Information supplied
■ ■ ■ ■ ■

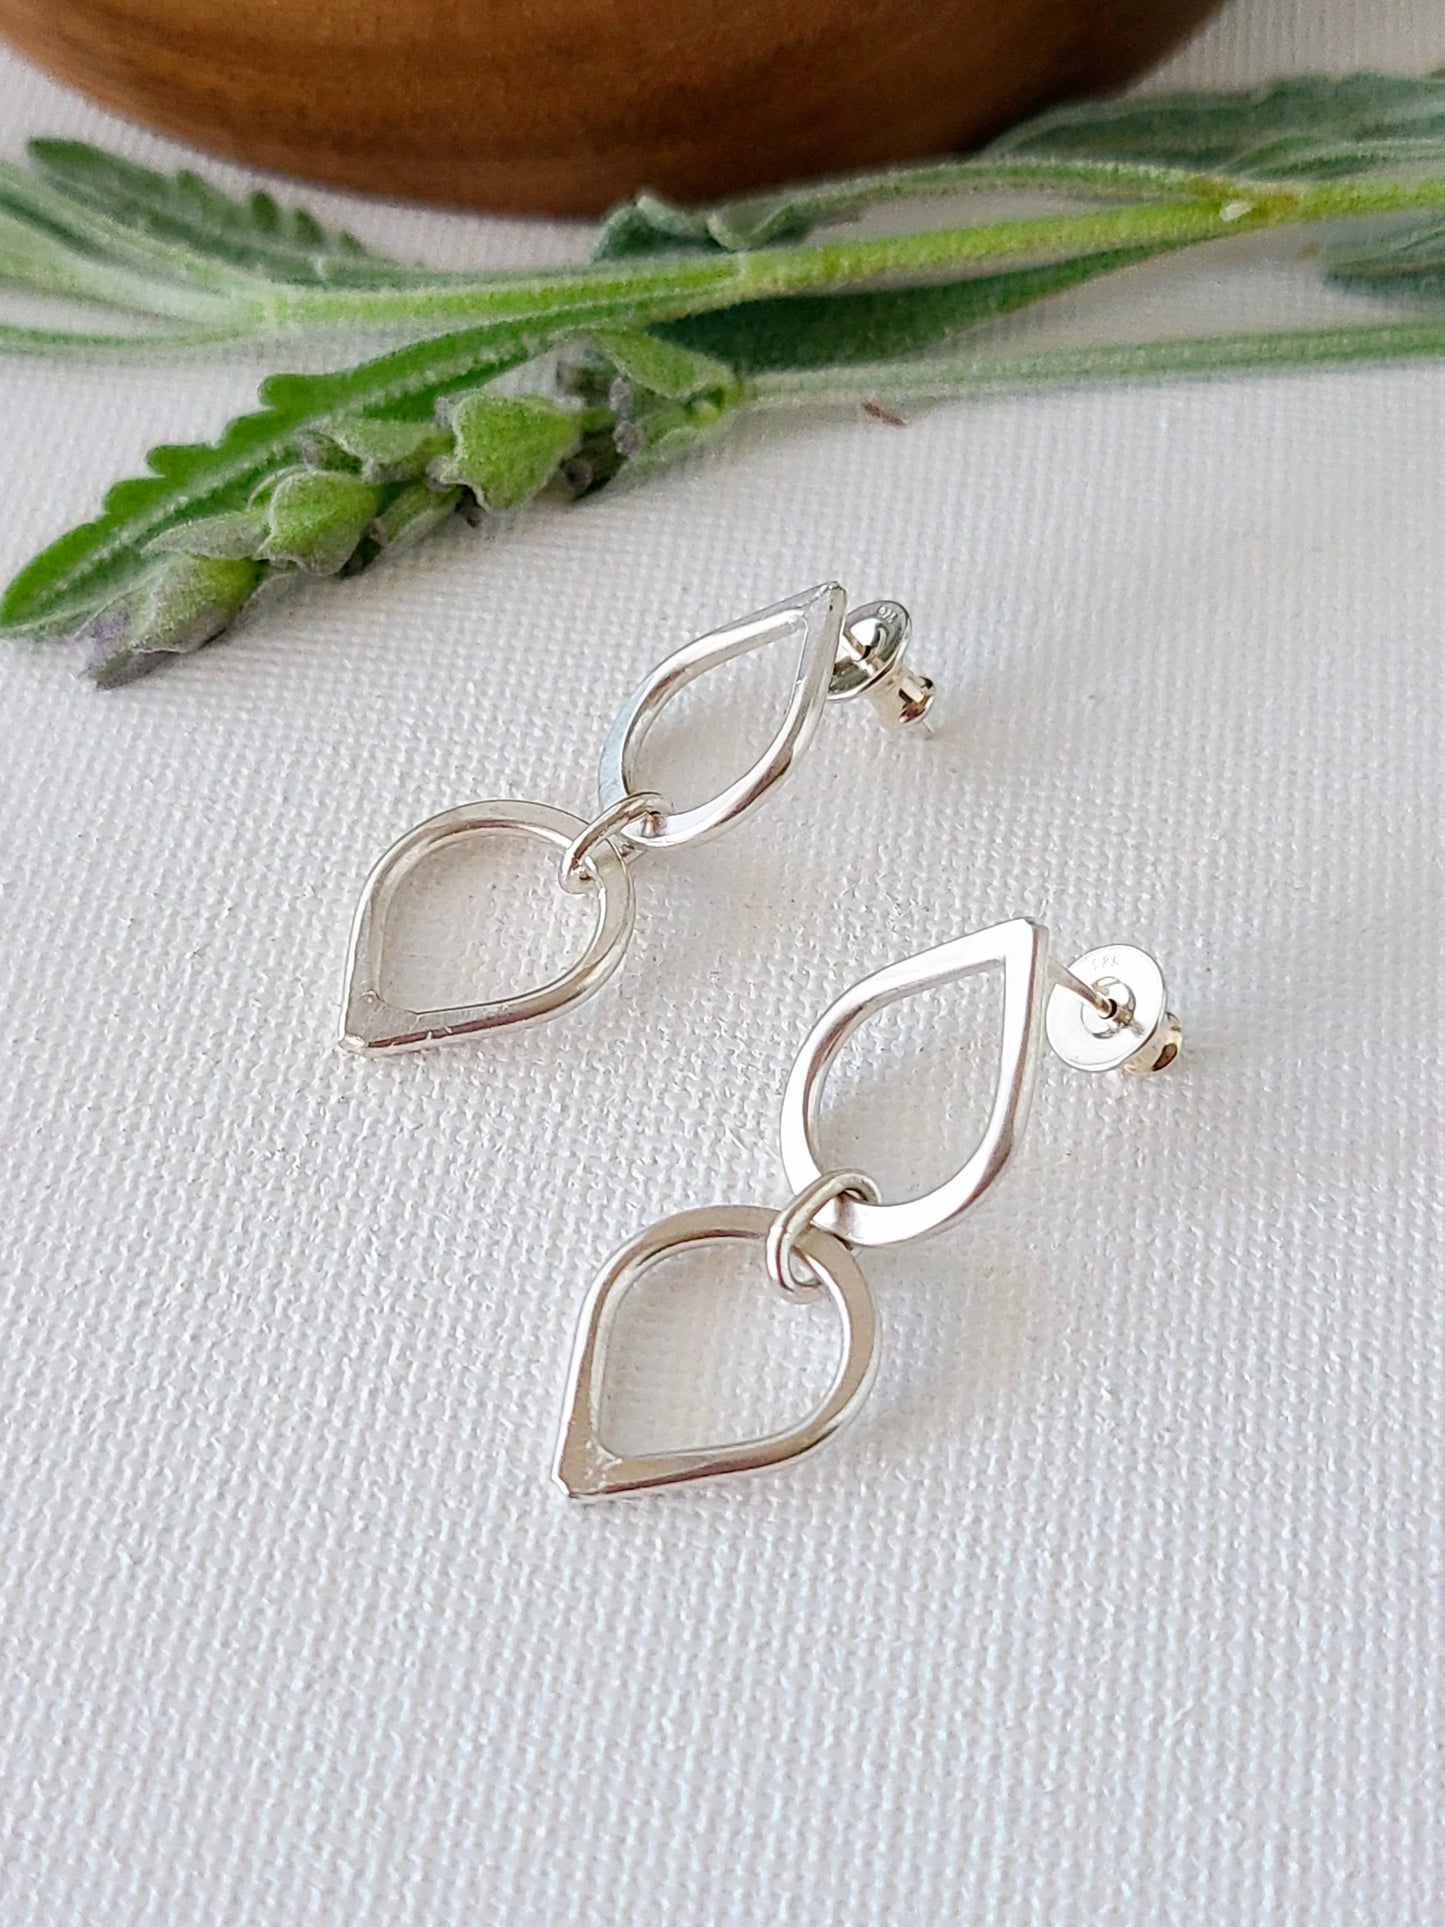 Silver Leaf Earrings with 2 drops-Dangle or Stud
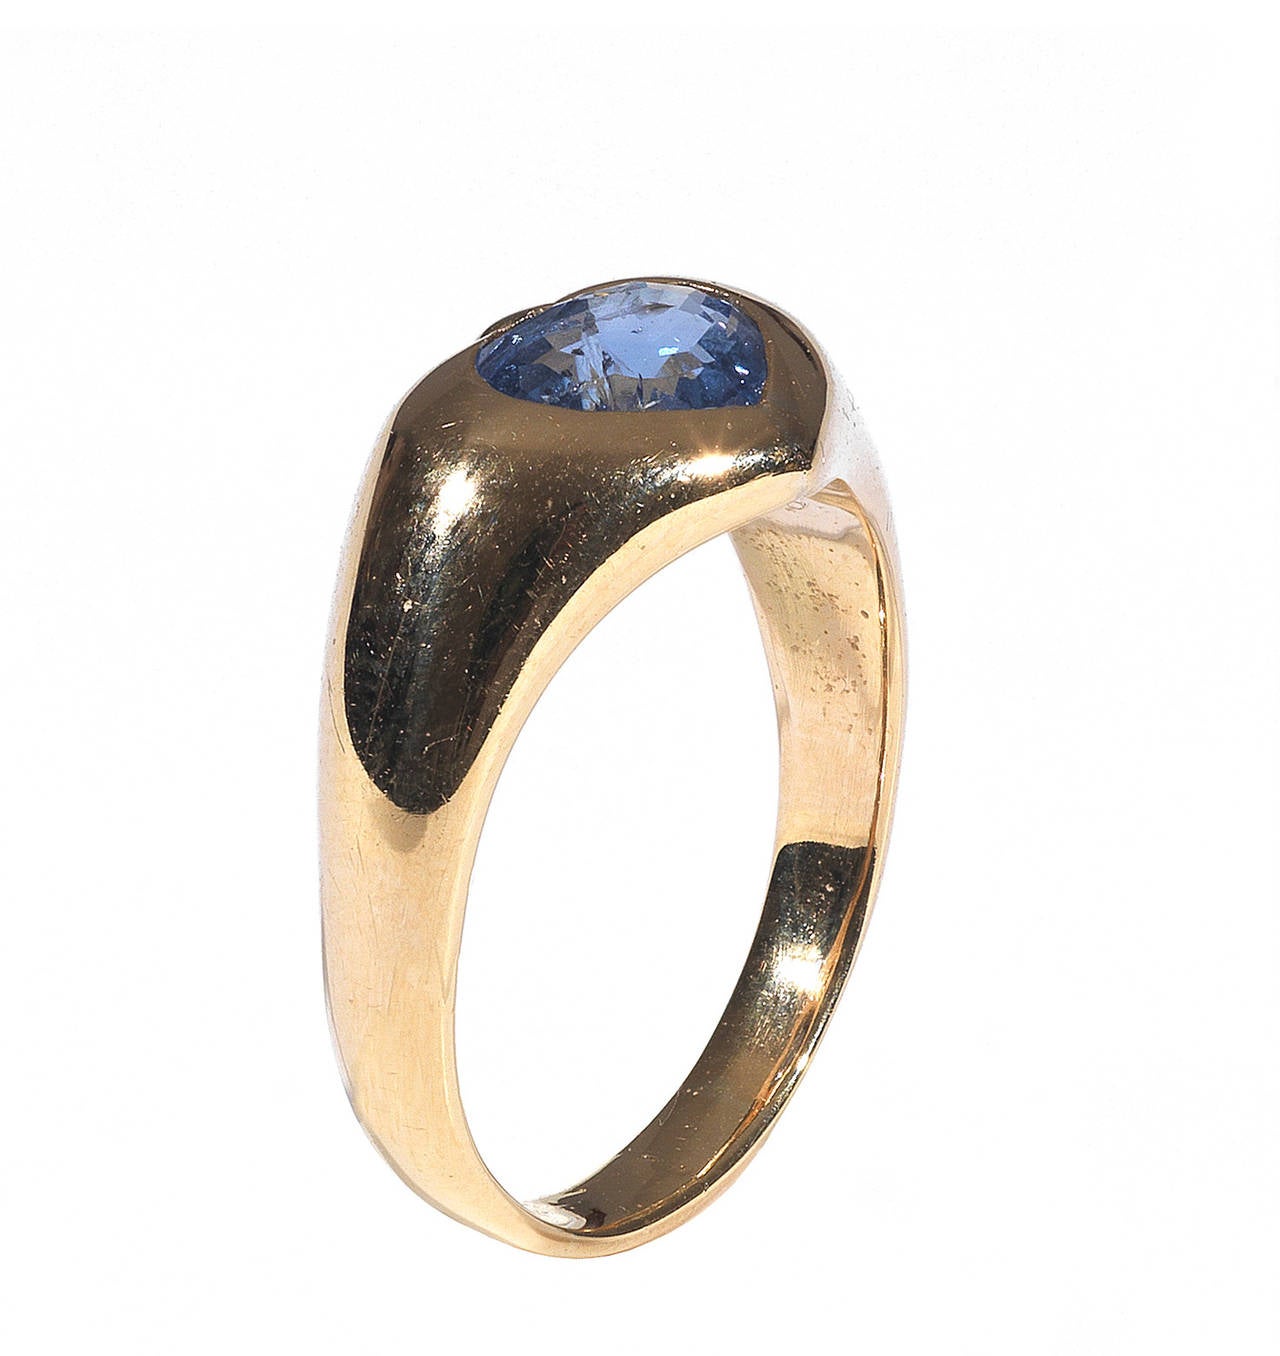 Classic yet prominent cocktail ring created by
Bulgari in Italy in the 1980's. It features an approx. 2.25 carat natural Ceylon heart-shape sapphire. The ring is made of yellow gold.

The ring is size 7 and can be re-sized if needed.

■ ■ ■ ■ ■

Copying should begin at the line containing "Bulgari in Italy" and end at the last line of the material, with every line in between reproduced exactly.

Response below
Bulgari in Italy in the 1980's. It features an approx. 2.25 carat natural Ceylon heart-shape sapphire. The ring is made of yellow gold.

The ring is size 7 and can be re-sized if needed.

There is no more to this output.